There are at least two other alternative explanations for the observed associations of gene DNA methylation with hormone receptor status in our study. First, specific methylation patterns may arise in tumors with different cell-type of origin, in which case, methylation might not be an etiologic driver of subtype but rather a marker of subtype. Second, other molecular events such as histone modifications associated with ER/PR may play an active role in dictating DNA methylation level, either globally or at specific genes. Traditionally, prediction of breast cancer survival has made use of ER/PR status. Recent effort towards integrated view of epigenomic features and transcriptome has provided important insights into population-based molecular subgrouping in several cancer types [24]. Defining such subgrouping in breast cancer and focusing further analysis on representative numbers from groups stratified by predictor genes will help to link ethnic and socioeconomic factors to etiology of ER/PR-positive and ER/PR-negative disease.

Conclusions

We identified a set of genes in a genome-wide study whose DNA methylation status predicted ER/PR status in training dataset as well as in a validation dataset from TCGA. The patient cohorts were different in racioethnic distribution but nevertheless displayed the same predictor genes. Moreover, aberrant methylation for many of the genes identified in the present study has been found in breast or other cancers in prior studies, indicating their potential use as biomarkers. Increased methylation was associated with reduced expression for the vast majority of these genes, suggesting that it might play an etiologic role in breast cancer subtypes and may provide insights into biological pathways associated with tumors of particular hormone receptor status.

Methods

Training dataset

Formalin-fixed, paraffin-embedded (FFPE) tumor samples came from the Breast Cancer Care in Chicago (BCCC) study which has been described elsewhere [25]. The protocol for conducting this study has been approved by the University of Illinois at Chicago Institutional Review Board, and details on the consent process have been published [26]. Association of clinicopathological features with ER/PR status in the BCCC dataset was determined by chi-square test, and the P values are presented in Table 1. Copies of pathology reports and the corresponding set of hematoxylin and eosin (H&E)-stained slides were requested from the pathology department at each diagnosing institution, and a single pathologist selected tumor blocks representative of the tumor. Two recuts (at 4 μm each) were made from each selected block for H&E staining. The recuts were then examined in order to identify invasive components of the sample, and areas were marked according to tissue component. Cores of invasive tissue (2 mm in diameter) were obtained from the marked areas.

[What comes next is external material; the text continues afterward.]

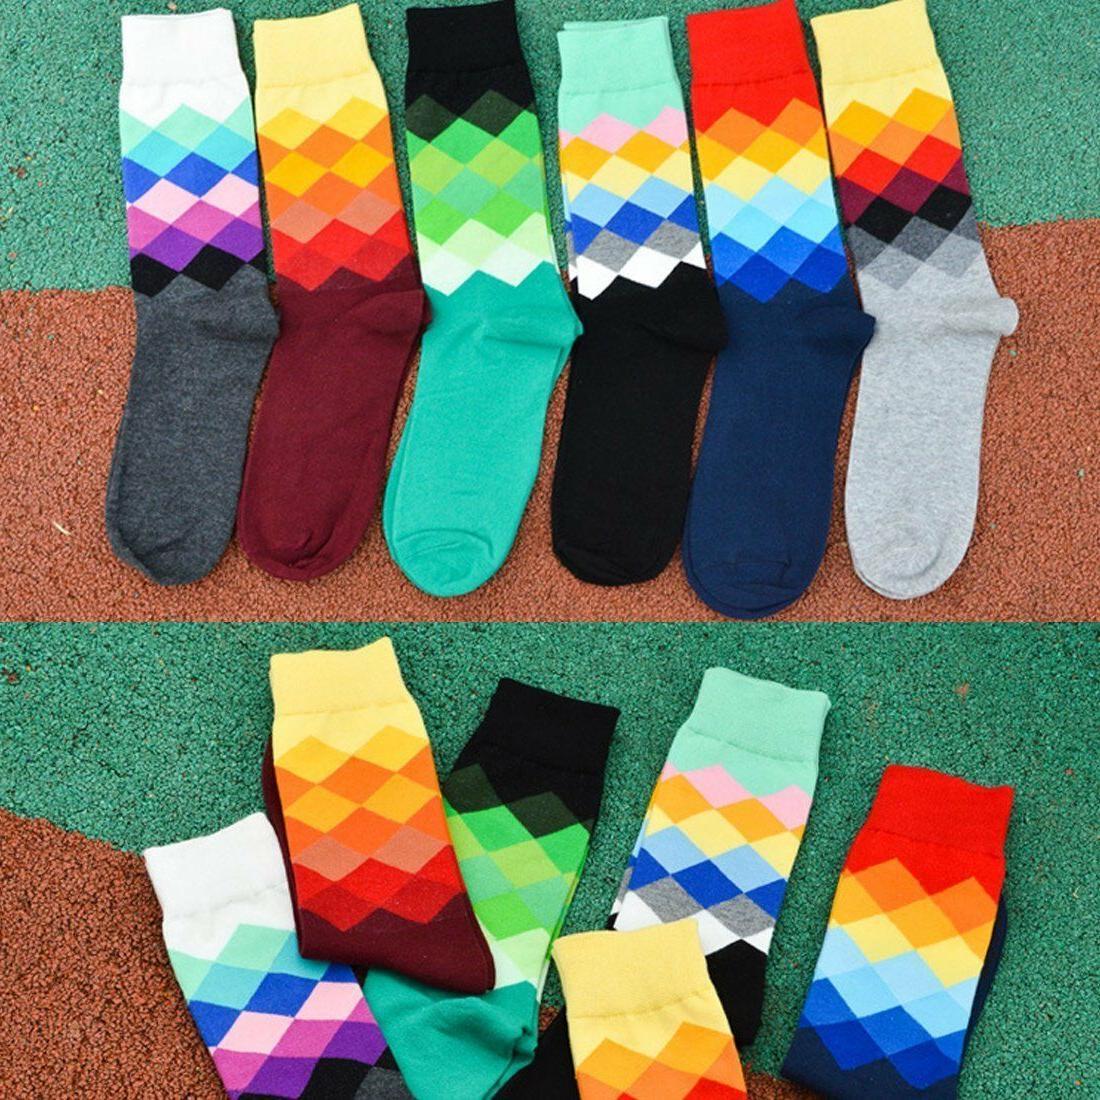 Mens Argyle Socks 6-Pair Pack Colorful Rainbow Fits Shoe Size 6-12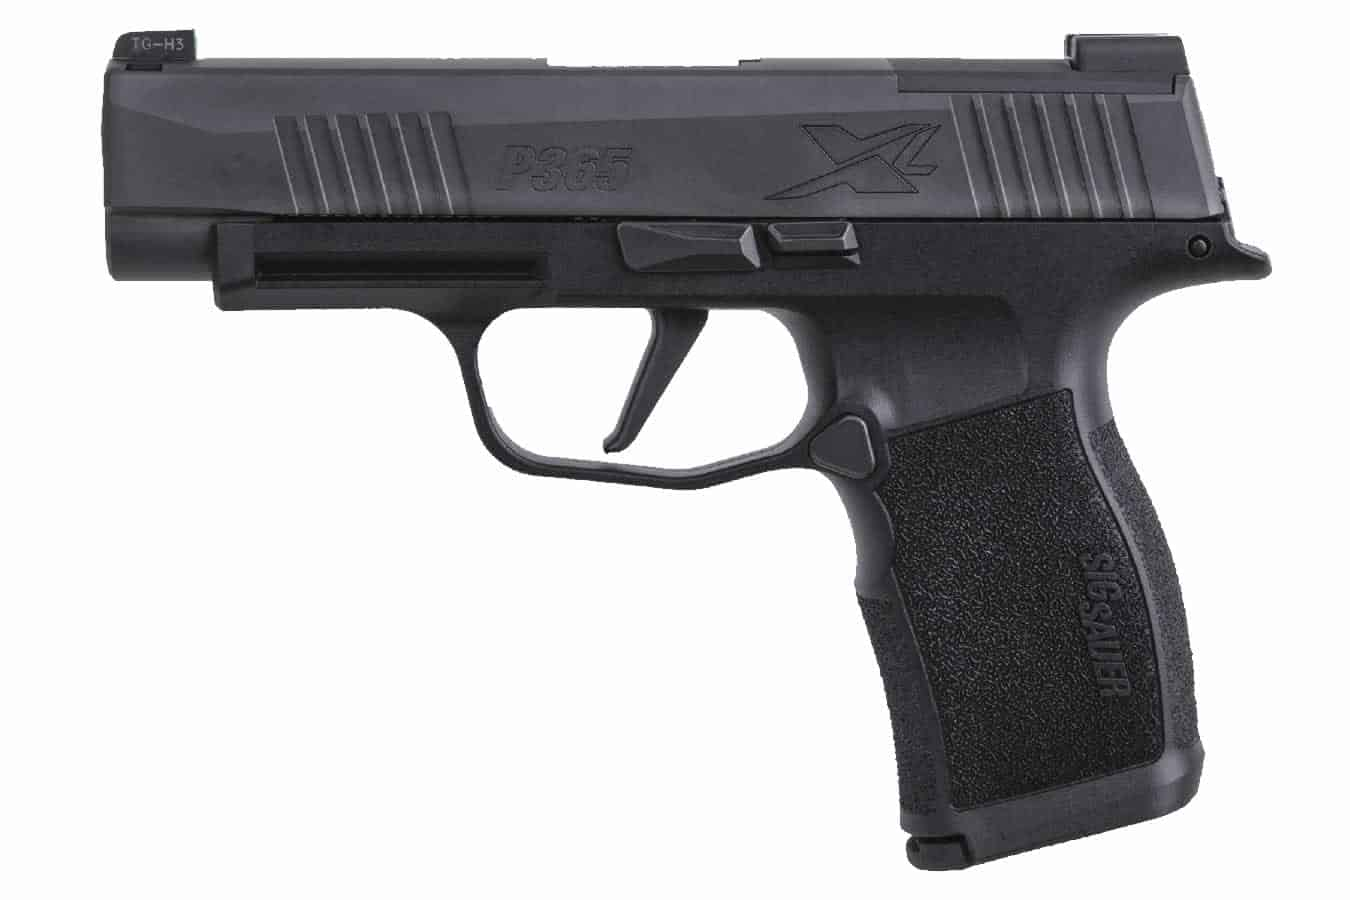 sig sauer p365 xl 9mm pistol at nagels

DNA extraction was performed by adding to each core 100 μl xylene. After the incubation with gentle shaking for 5 min, supernatant was removed by centrifugation at 14,000g to remove the paraffin. The process was repeated two more times. The tissue was then weighted and 2–4-mg tissue was used for DNA extraction using Gentra Puregene kit (QIAGEN). All tissues were homogenized after adding cell lysis solution, proteinase K, and overnight incubation. The extracted DNA was measured by NanoDrop and normalized at 50 ng/μl concentration. Bisulfite conversion was performed on 500 ng of extracted DNA using EZ DNA methylation kit (Cat # D5001, Zymo Research, Irvine, CA) according to the manufacturer’s instructions. As the result of conversion, unmethylated cytosine residues were converted to uracils. The converted DNA was eluted in 10 μl M-Elution buffer provided in the kit. DNA methylation assays were performed using 5 μl bisulfite-converted DNA in Illumina’s GoldenGate Assay for Methylation as per Illumina’s protocol. The converted DNA was biotinylated, and the allele-specific oligos were added (for methylated and unmethylated sequence). Unhybridized oligos were washed away, and hybridized oligos were enriched by PCR and hybridized to Sentrix Array Matrix Universal Probe Set 7A, 1536 Bead Types. Imaging was performed in the Bead Array Reader. The raw data was processed by the BeadStudio Methylation Module to generate β values. Eighty tumor samples were assayed, from which 75 were from patients that had information on ER/PR status, and these 75 samples were subjected to downstream analysis.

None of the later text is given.